11. Like any other contract this contract is also to be governed by the commercial interest of the parties. If the respondent considers that the arrangement which was made by DVB of Single Point Distribution seeking services of the contractor has outlived its utility and the respondent was in a better position to serve the people of the area, the respondent can terminate the contract and suffer the consequences in terms of agreement between the parties. The Court cannot compel the respondent to continue with an agreement. The respondent, who is a company incorporated for supply and distribution of electricity has a better infrastructure available with it to fulfilll the needs of the electrification of the areas. While the contractors who are either individuals or firms in fact were introduced merely to overcome a problem which erstwhile DVB could not tackle at the time. A contractor cannot be made a permanent feature of the electricity supply system. It is a right and obligation of the respondent to supply electricity in the area for which respondent is a licensee under Delhi Electricity Reforms Act, 2000. If the respondent considers it can provide better services and facilities it can always terminate the contract of the contractors.

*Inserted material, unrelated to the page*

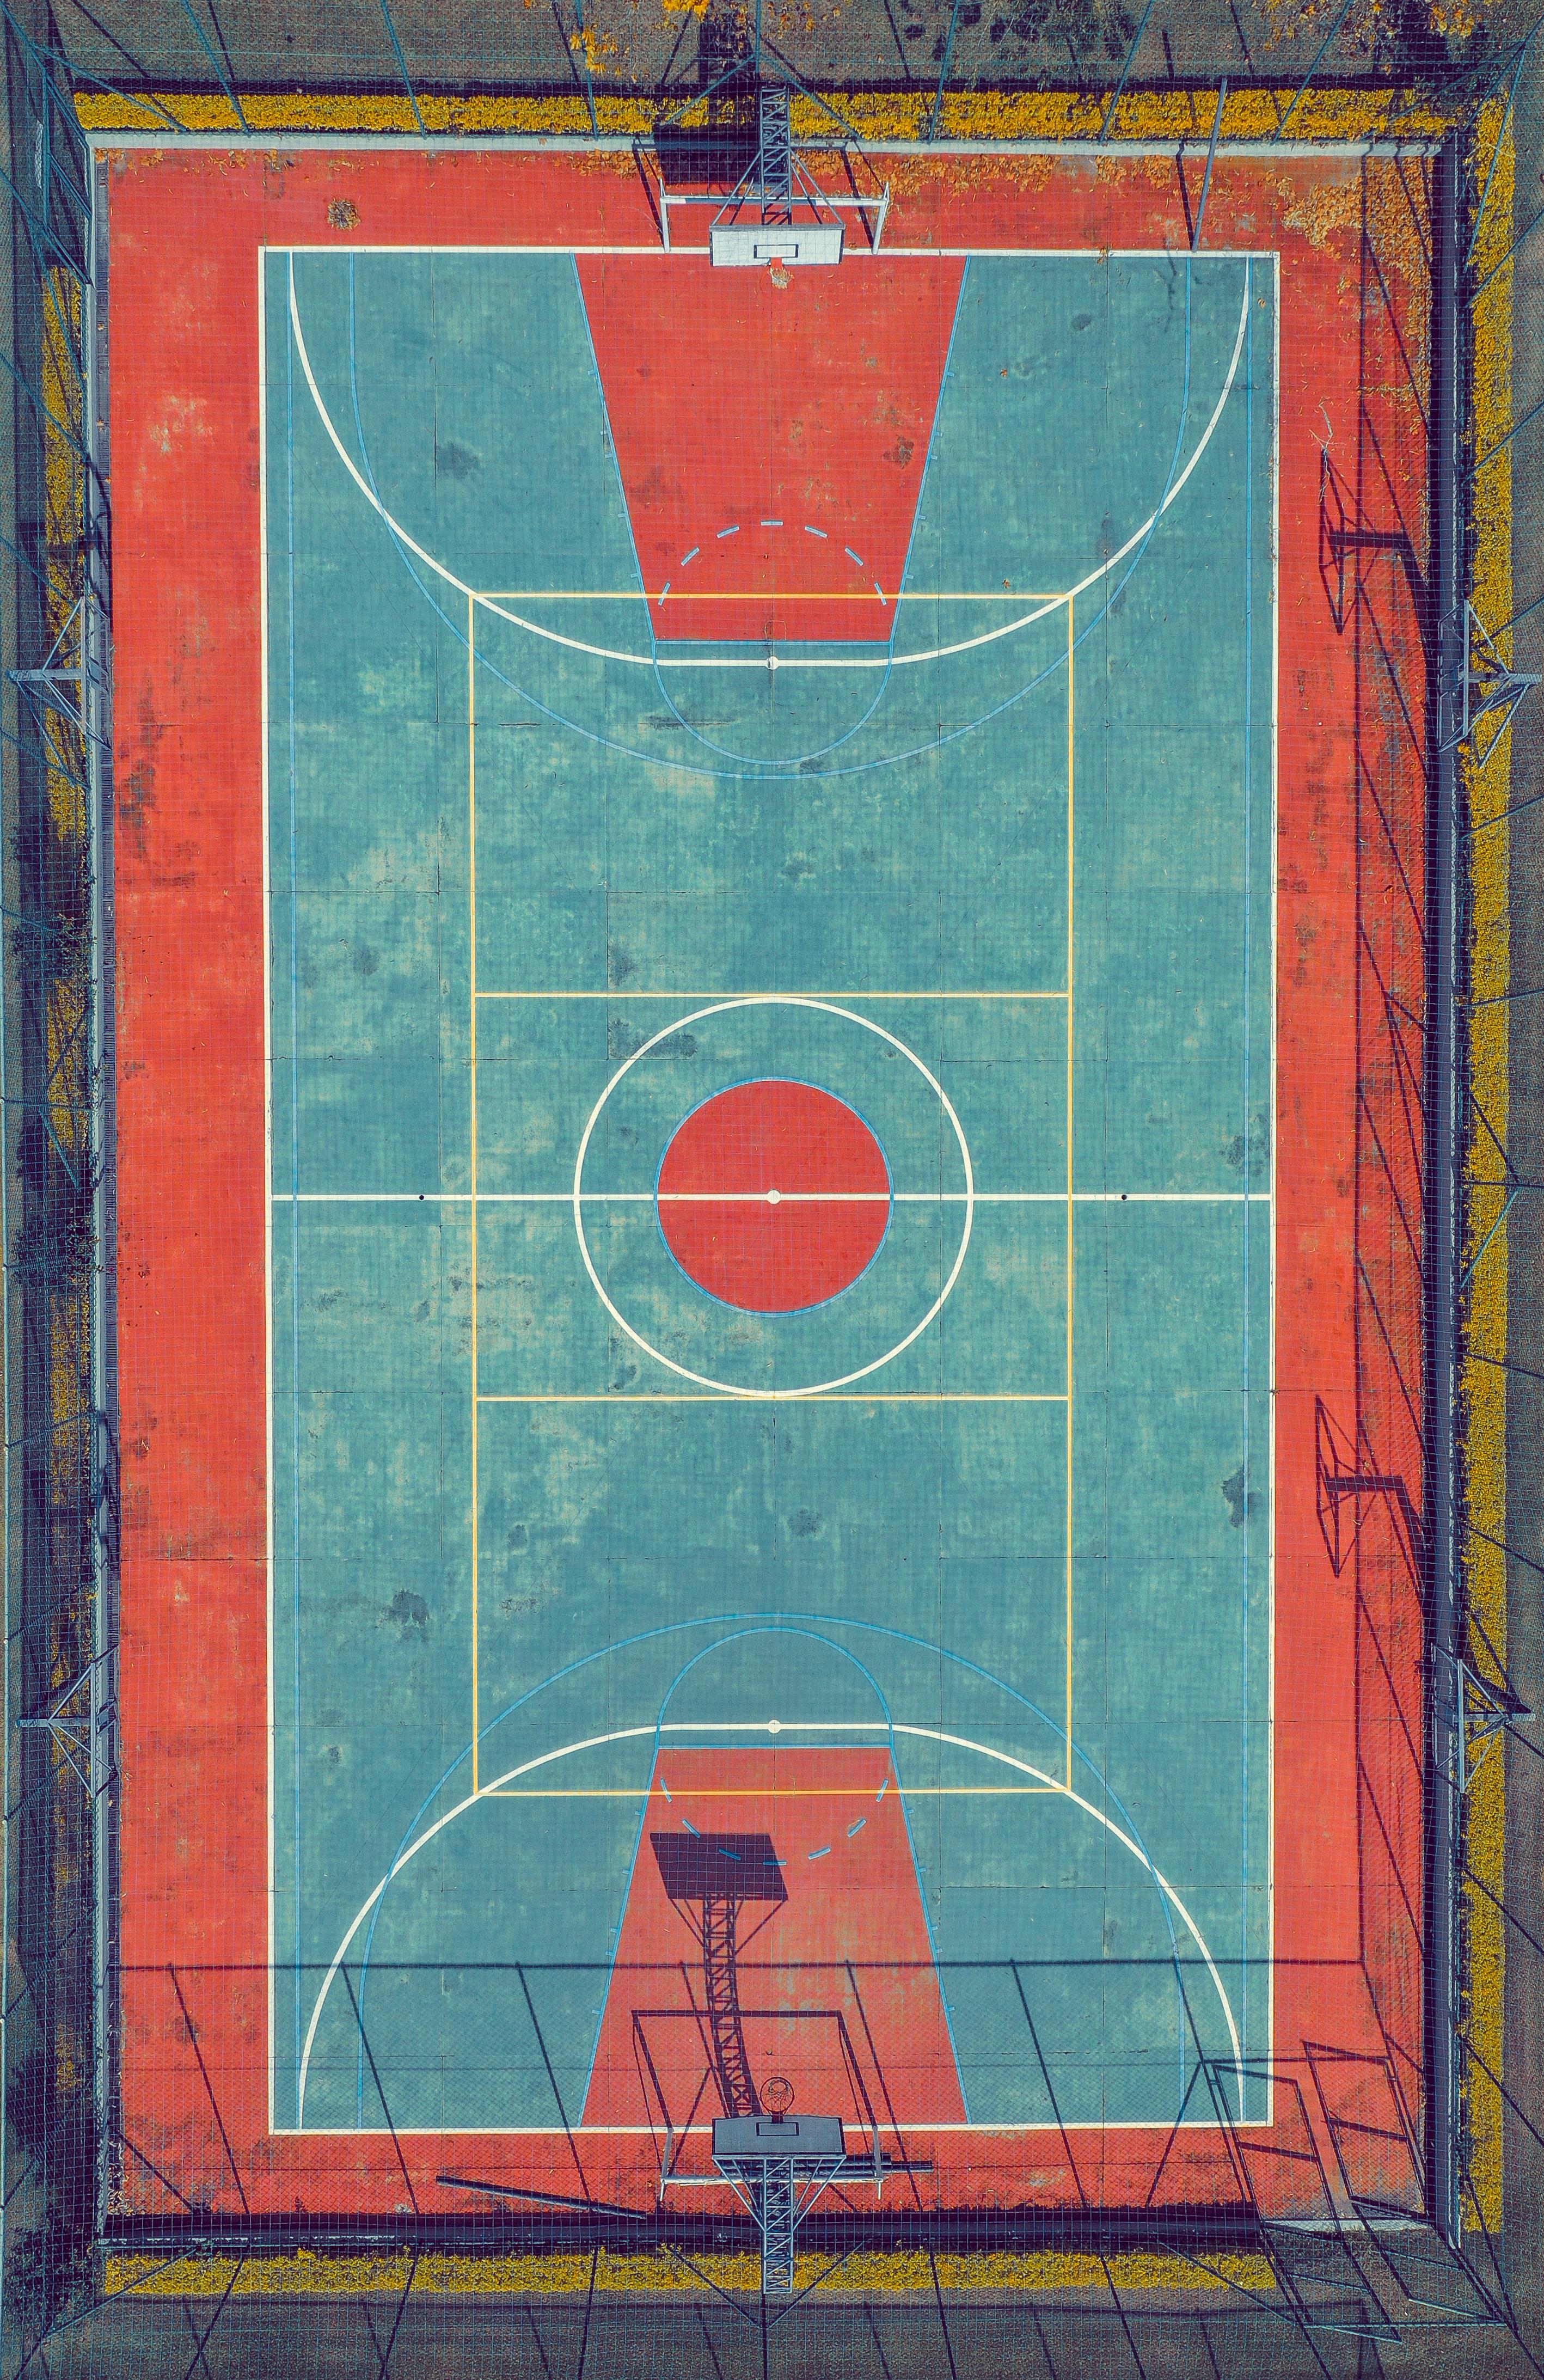 Ukuran Standar Lapangan Basket : ukuran, standar, lapangan, basket, Ukuran, Lapangan, Basket, Standar, Internasional,, Nasional,

12. Even otherwise in order to grant any injunction under Section 9 of the Arbitration Act, the Court can grant such a relief only if an irreparable loss or injury is going to be caused to the party. In the present case, there is no question of irreparable loss or injury since the agreement itself provides that in case of wrongful termination of the agreement either party shall be entitled to the damages. Damages in such case can be determined by the arbitrator to whom the dispute is referred. Even otherwise where the party can be compensated by way of damages, the Court should refrain from issuing interim injunction.
13. I, therefore, find no force in the application. The application is dismissed.